Here is another narrative that he wrote explaining his motivation and process for re-finishing the attic into a bedroom for my brother and I. He called this "The attic bedroom"
You can’t imagine how dirty and dark the attic on Orchard Street was when we bought the house. A winter clothes storage room had been built in the south wing of the attic below the high window and the oversize beams supporting the slate roof were dirty and rough. A single light bulb hung in the middle illuminated the room and the upper half of the windows were colored glass which permitted little light to enter the room on even the sunniest day.
Yet, the staircase was well constructed and the balloon construction lifted the perimeter walls sixteen inches off the floor in such a way that the sloped roof attic walls never seemed constraining as attics often do.
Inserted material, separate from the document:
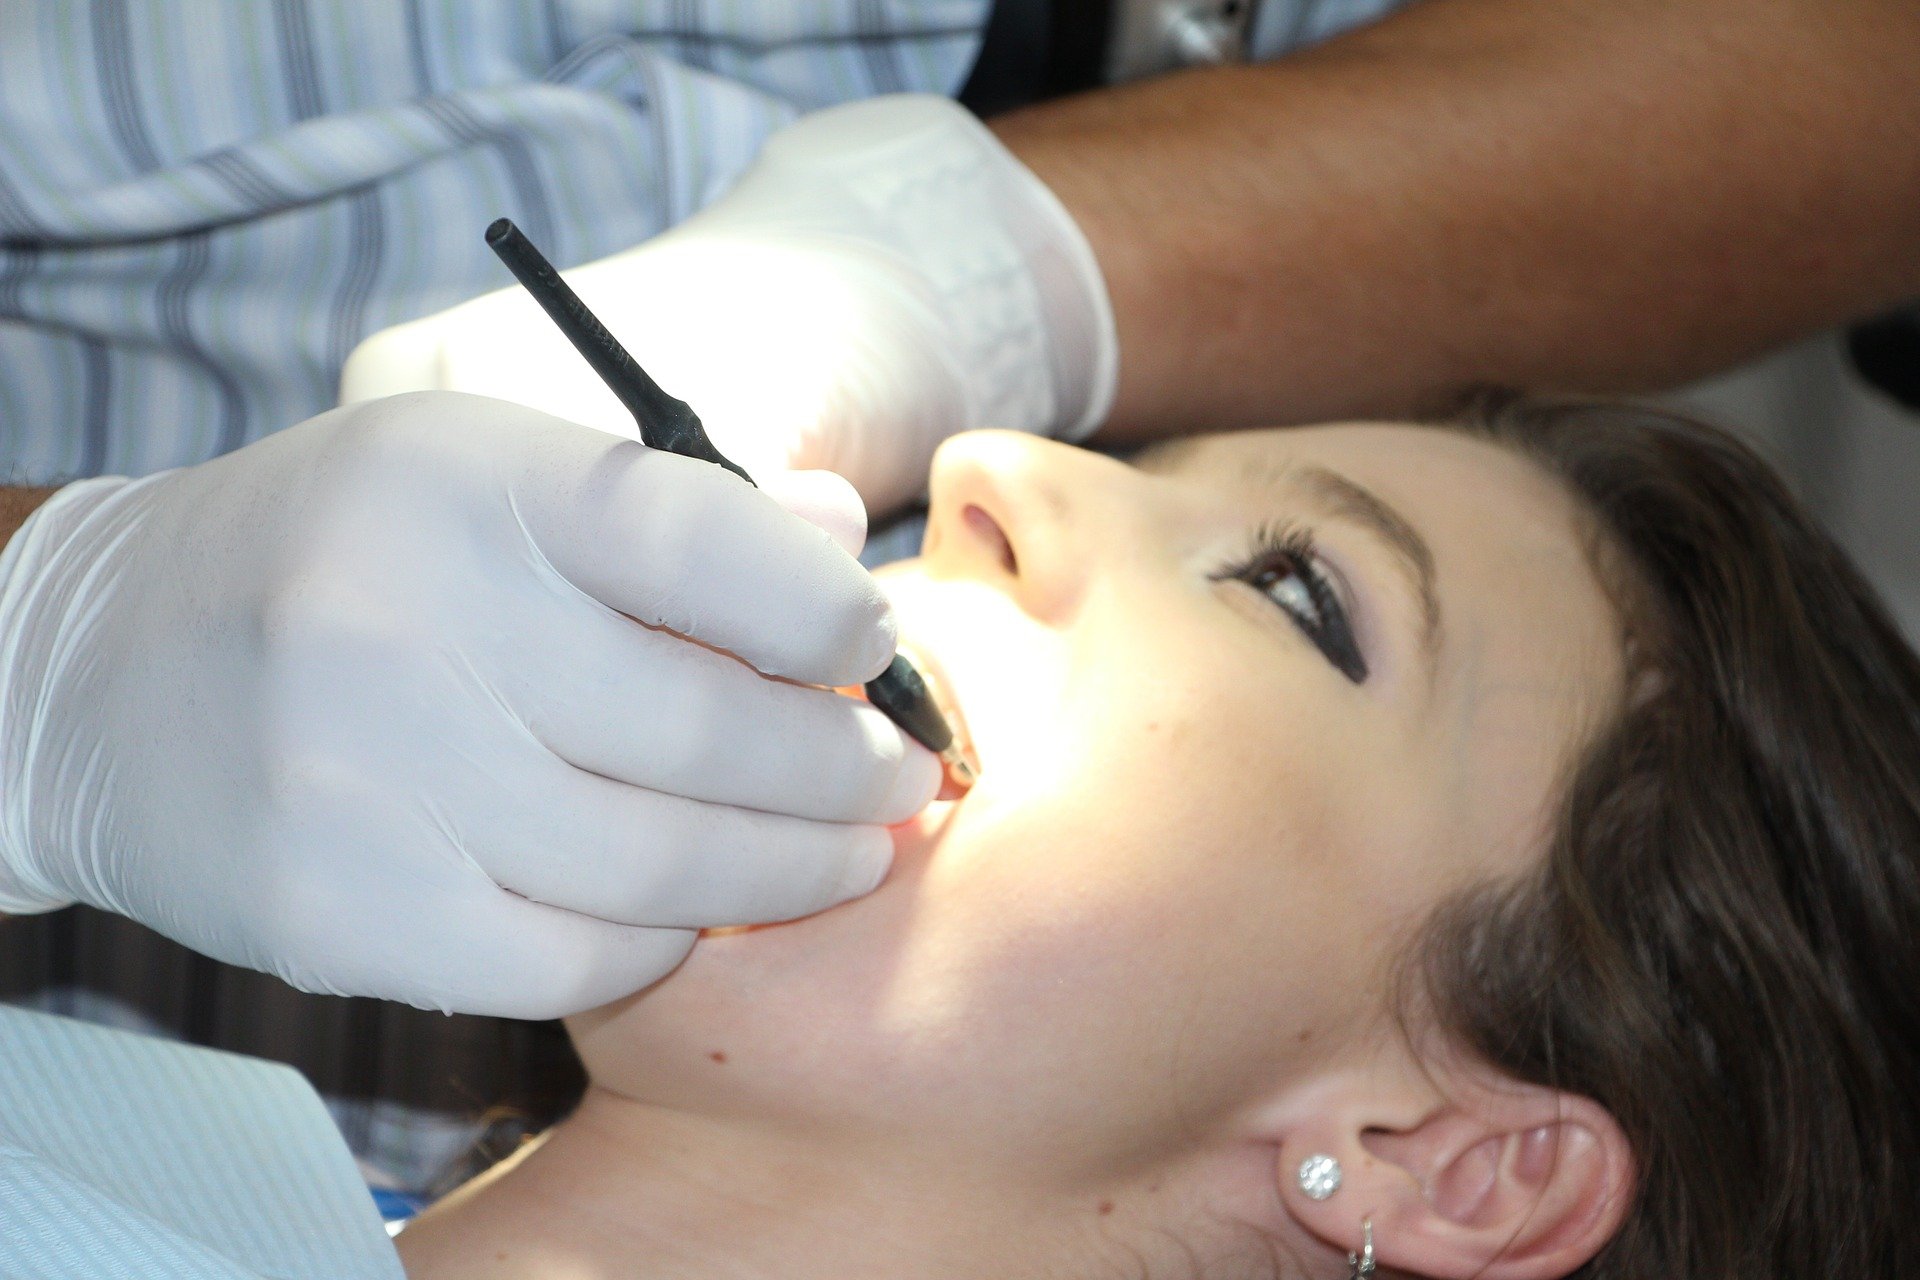 Фото Жительница Бурятии притворилась стоматологом и сломала челюсть пациенту

The center of the main section of the attic roof reached fourteen feet off the floor so that an eight foot ceiling could be constructed through the large section of the room. The new "Miami" windows were installed from the inside of the room because the height of the house could not afford safe installation by ladder from the exterior of the house. The electrical cable runs were over 250 feet of lighting and outlets and I used 1800 square feet of sheet rock over the insulation I installed. I think I taped the sheet rock for weeks. Before the floor was installed, my son wanted to move in, I think he was only five. I bought the large office desks from a moving company for fifty dollars each including the swivel chairs. I piped the sink and waste to provide some relief for the busy bathroom on the second floor which the six of us shared. Later I built the bookcases which we promptly filled with large library of collected books we loved. I remember how we loved to read the Readers Digest "Wonders of the World"
It became my favorite room, probably because I remember how dark, expansive and dirty it was and later how airy bright and comfortable it became.
What is interesting in this narrative is that you can see the carryover of his makerspace mindset, but also the repeated theme of taking a dark and unused space and creating something out of it. In this second narrative, he was able to create something for his children in the attic that he was not really able to create for himself in the basement. The attic bedroom was not a hovel!
I enjoy sharing this narrative because my Dad was not a writer and he was not purposely constructing allegory. It is just folk intentionality. Plain words - his words. That is what gives authenticity to his story about the use of makerspaces.
I wonder sometimes if the makerspace context of a Dad's workbench is not as common as it used to be. I have a workbench, full of all my father's tools - and I do in fact use them - but life is so busy sometimes I just use Angie's List and will find someone else to do a job for me. Dad would never have done that.
Perhaps that is why the new makerspaces are not in our homes and not as commonly located in a Dad's workshop - and that is why we have the DIY Network and Bob Vila on the television telling us how to do a project. Maybe that is why schools are creating these spaces because Dads are not doing it as much.
I think it is a good thing that the spaces are being created, but I have some nagging thoughts that it might not be the best way to meet those needs. What meaning is created by going to a sterile hackerspace in a school every other Thursday for your scheduled time? How does that serve our own narratives about creation and meaning that might fit into our own lives?
Would there have been a hovel and then an attic bedroom if my Dad didn't have his own makerspace?
I think these are important questions.